Exercise: For this task, extract exactly the lines of the data below, from the line containing "Men's Adidas Adizero" through the last one, with pictures left out.
··· Collected data
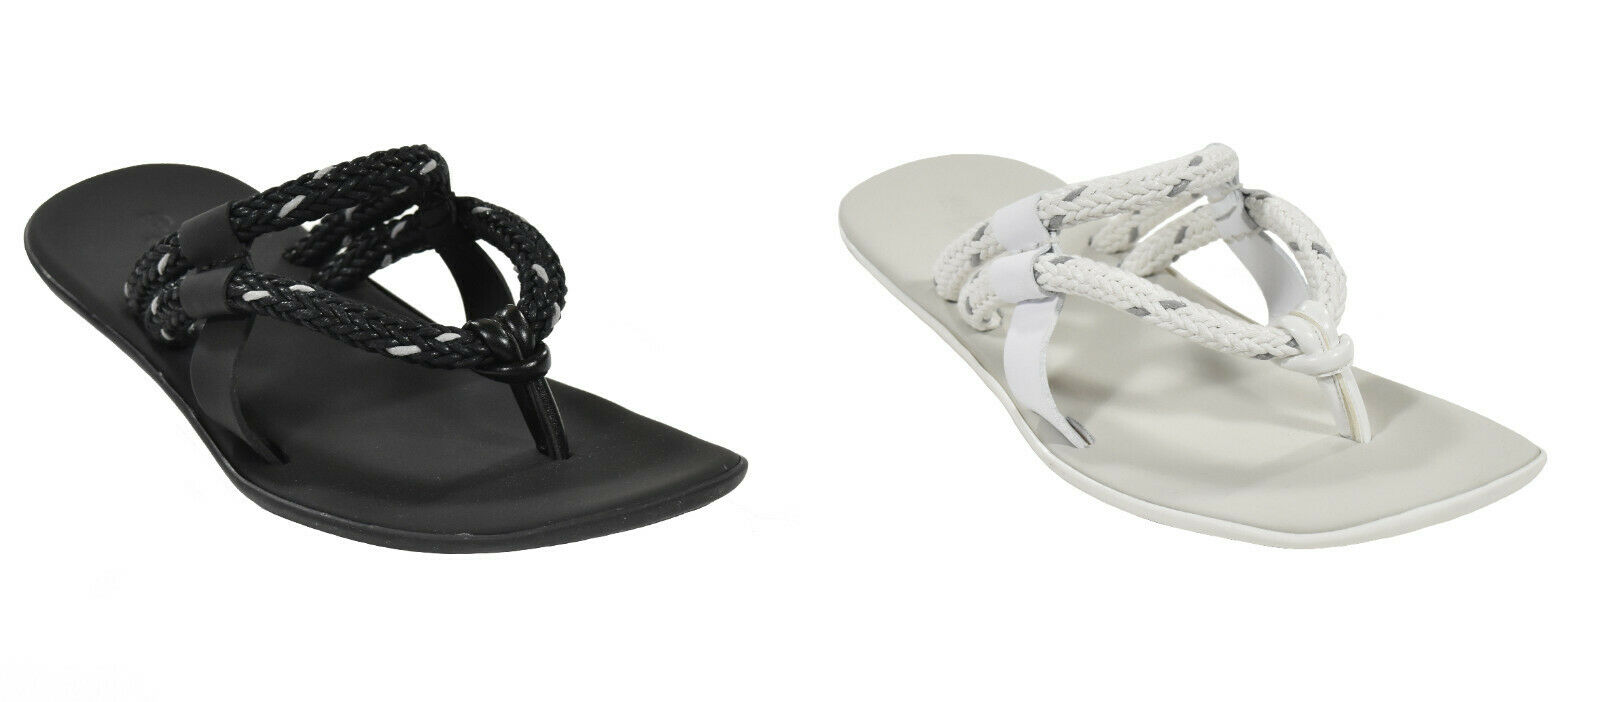 Ralph Lauren viola  Label Leather Rubber Lery Thong Sandals New  esclusivo
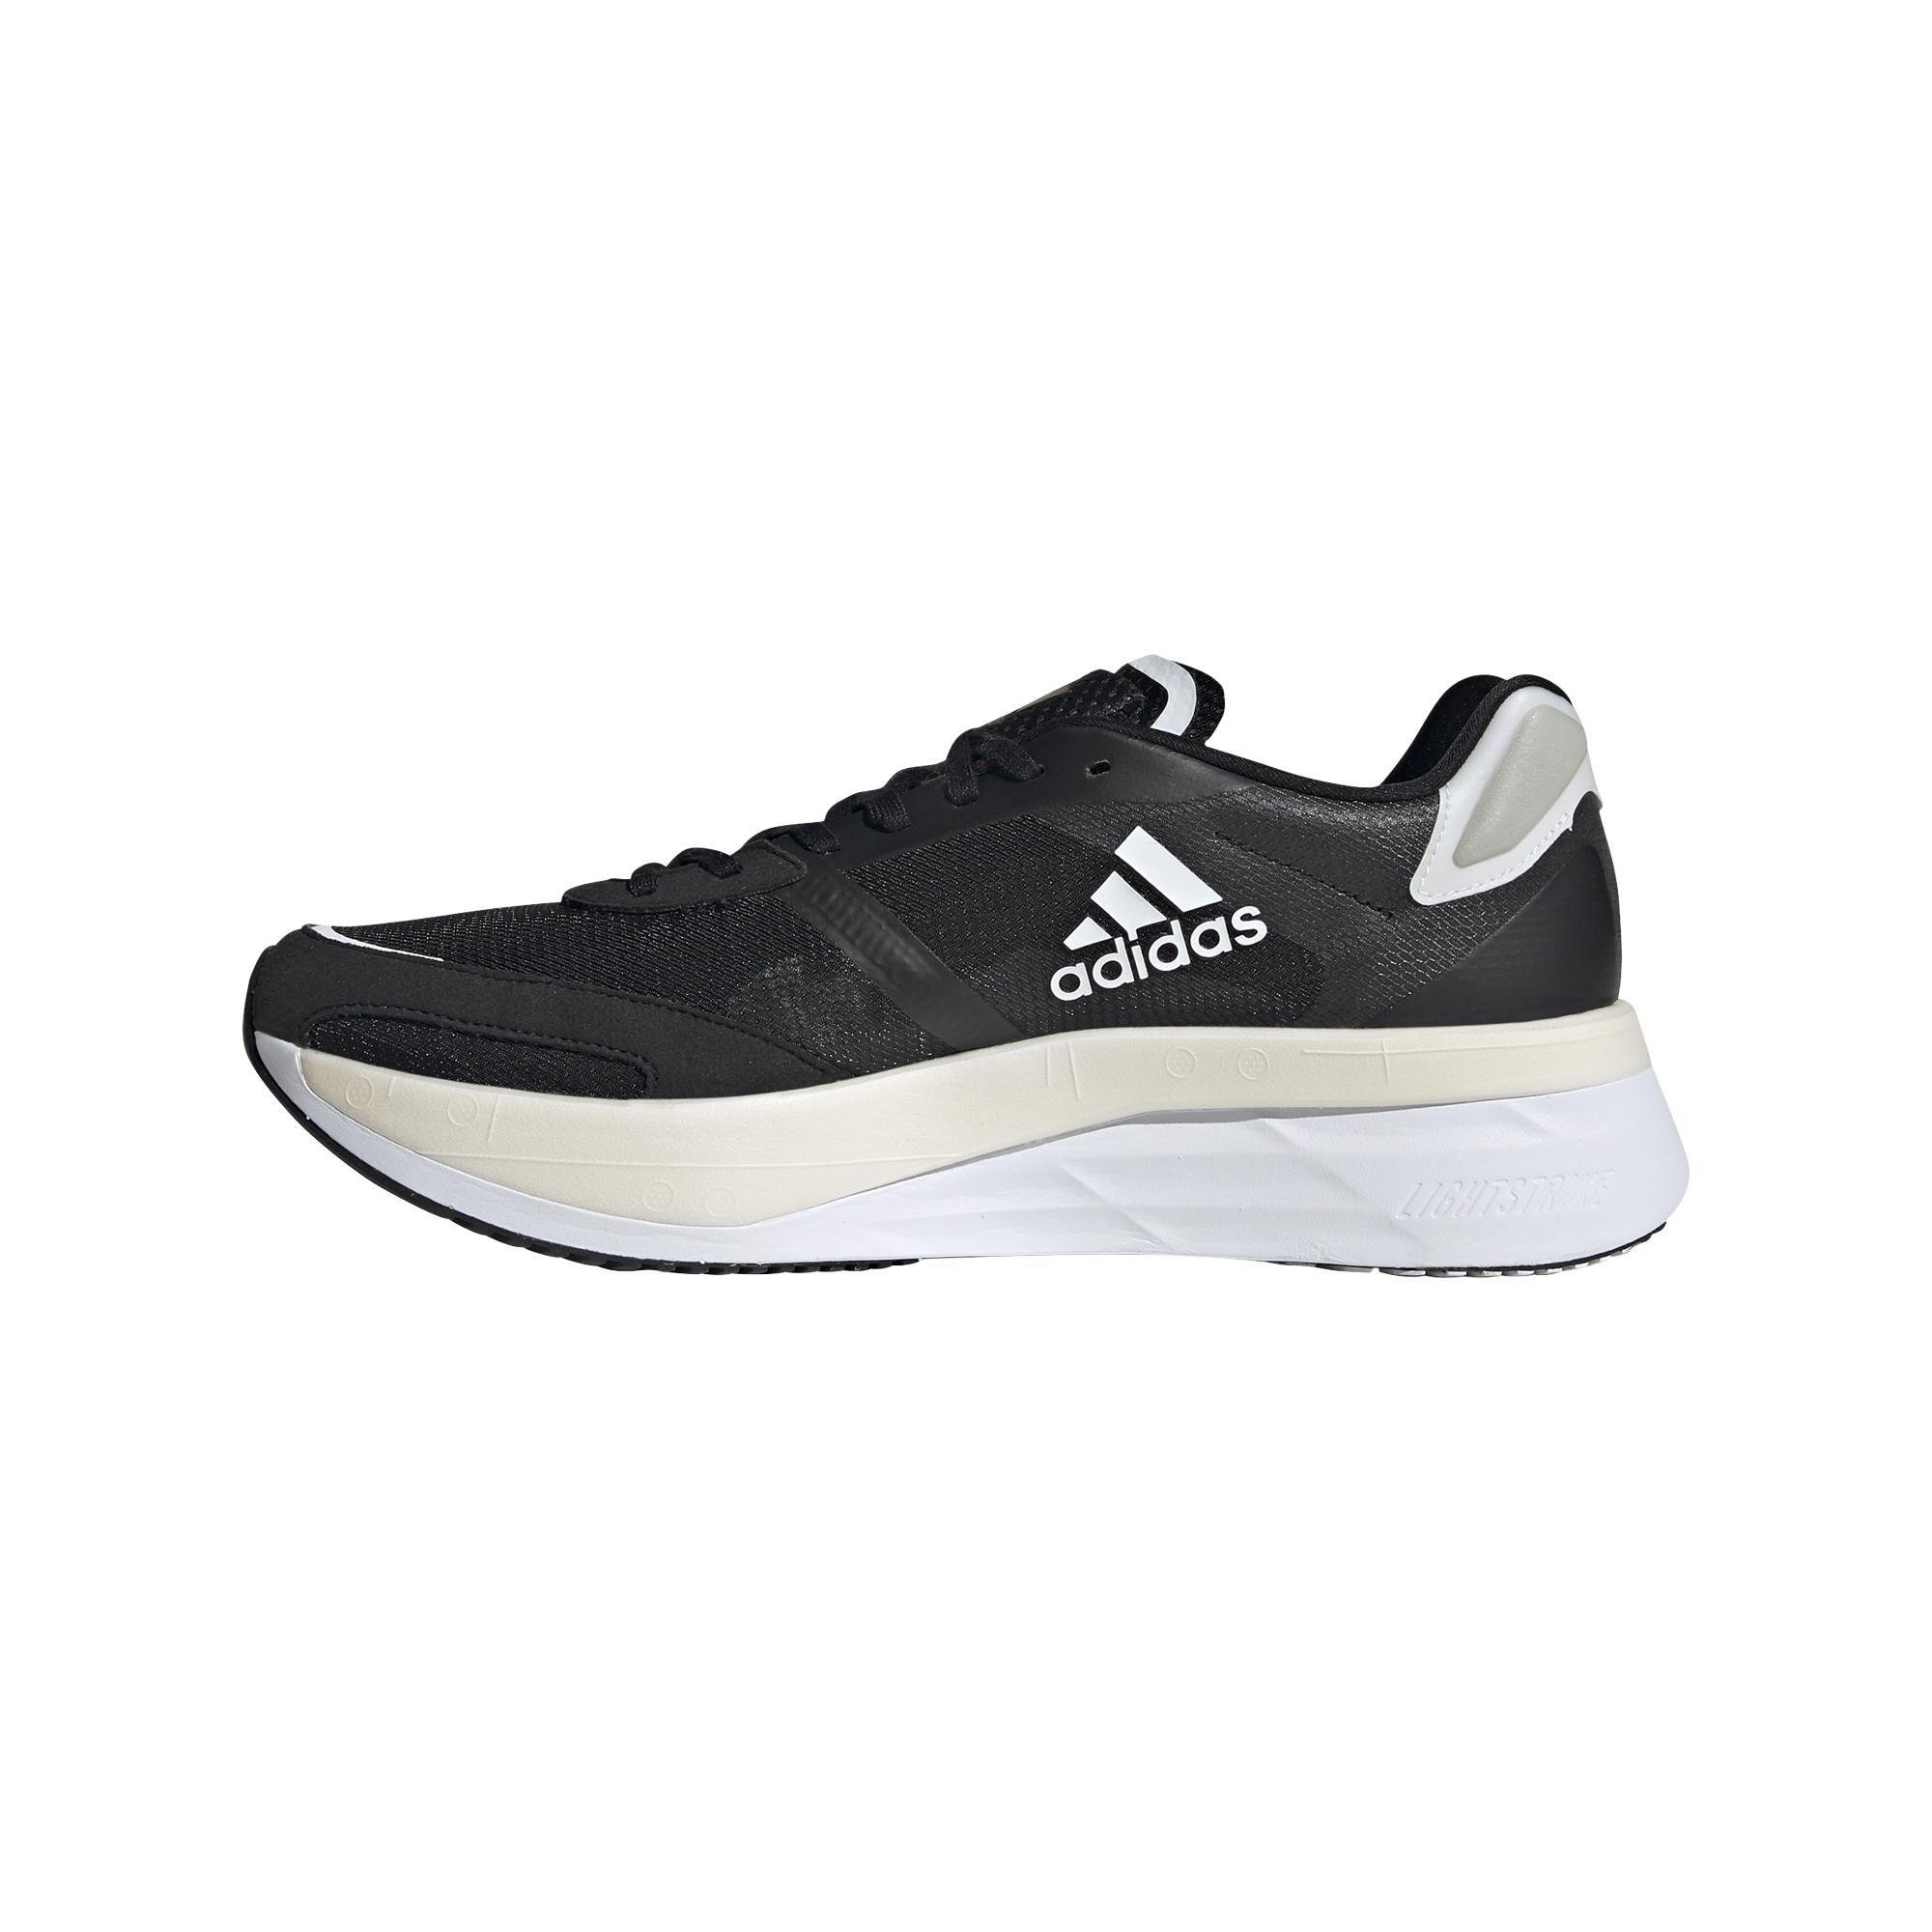 Men's Adidas Adizero Boston 10 Running Shoe - Color: Core Black / Cloud White / Gold Metallic - Size: 6.5 - Width: Regular, Core Black / Cloud White / Gold Metallic, large, image 2
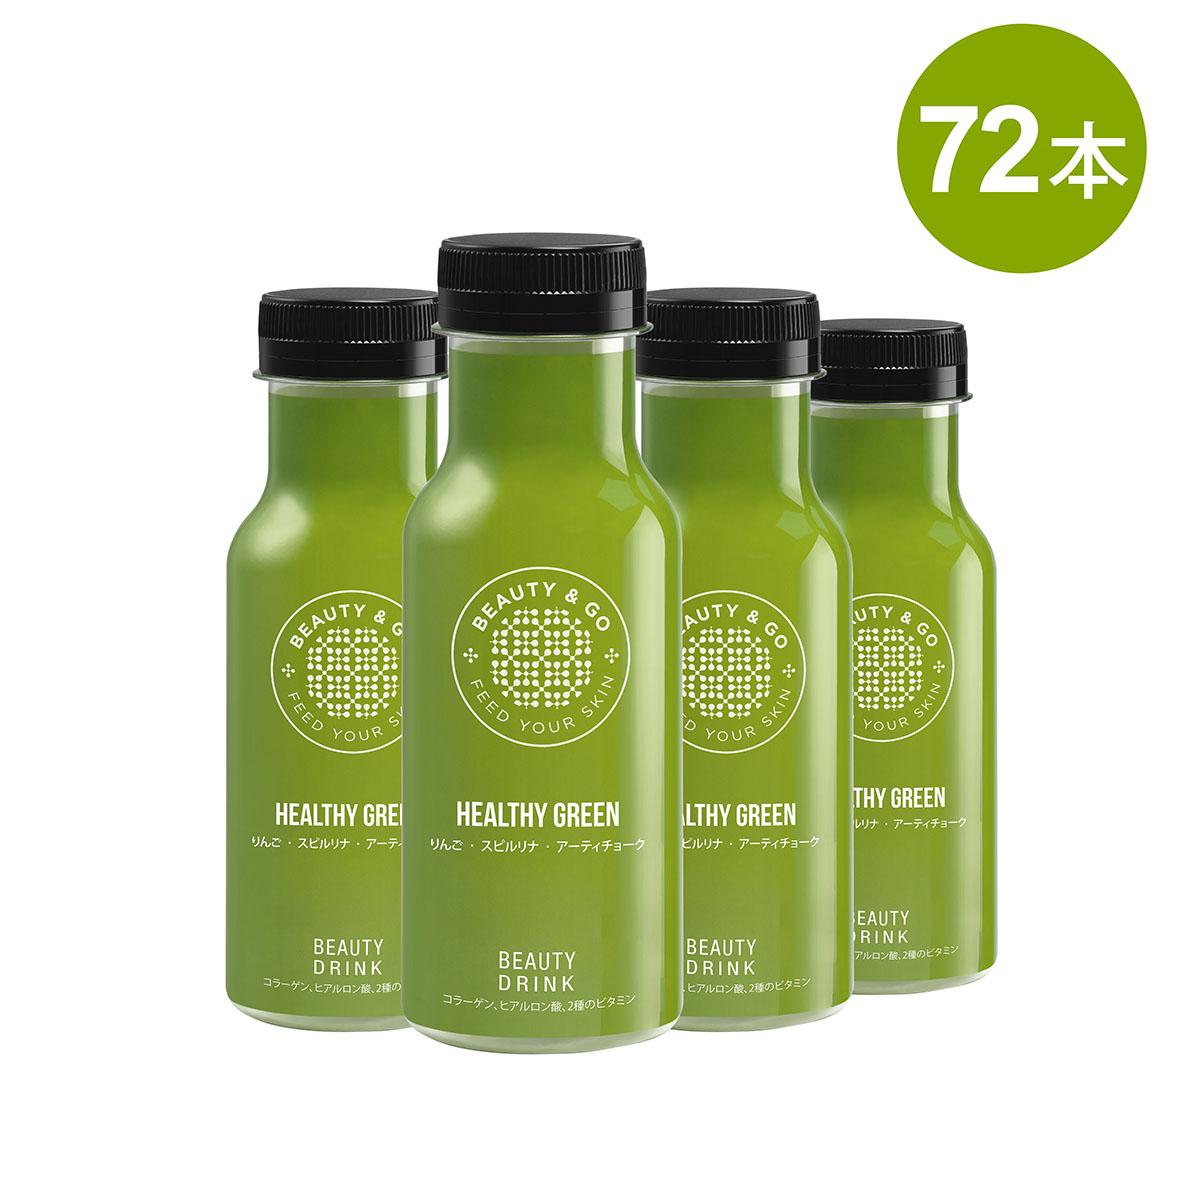 BEAUTYGO HEALTHY GREEN ヘルシーグリーン 期間限定 ― 72日間のケア 美容ドリンク 激安通販専門店 72本
······
Your response:
 Men's Adidas Adizero Boston 10 Running Shoe - Color: Core Black / Cloud White / Gold Metallic - Size: 6.5 - Width: Regular, Core Black / Cloud White / Gold Metallic, large, image 2
 BEAUTYGO HEALTHY GREEN ヘルシーグリーン 期間限定 ― 72日間のケア 美容ドリンク 激安通販専門店 72本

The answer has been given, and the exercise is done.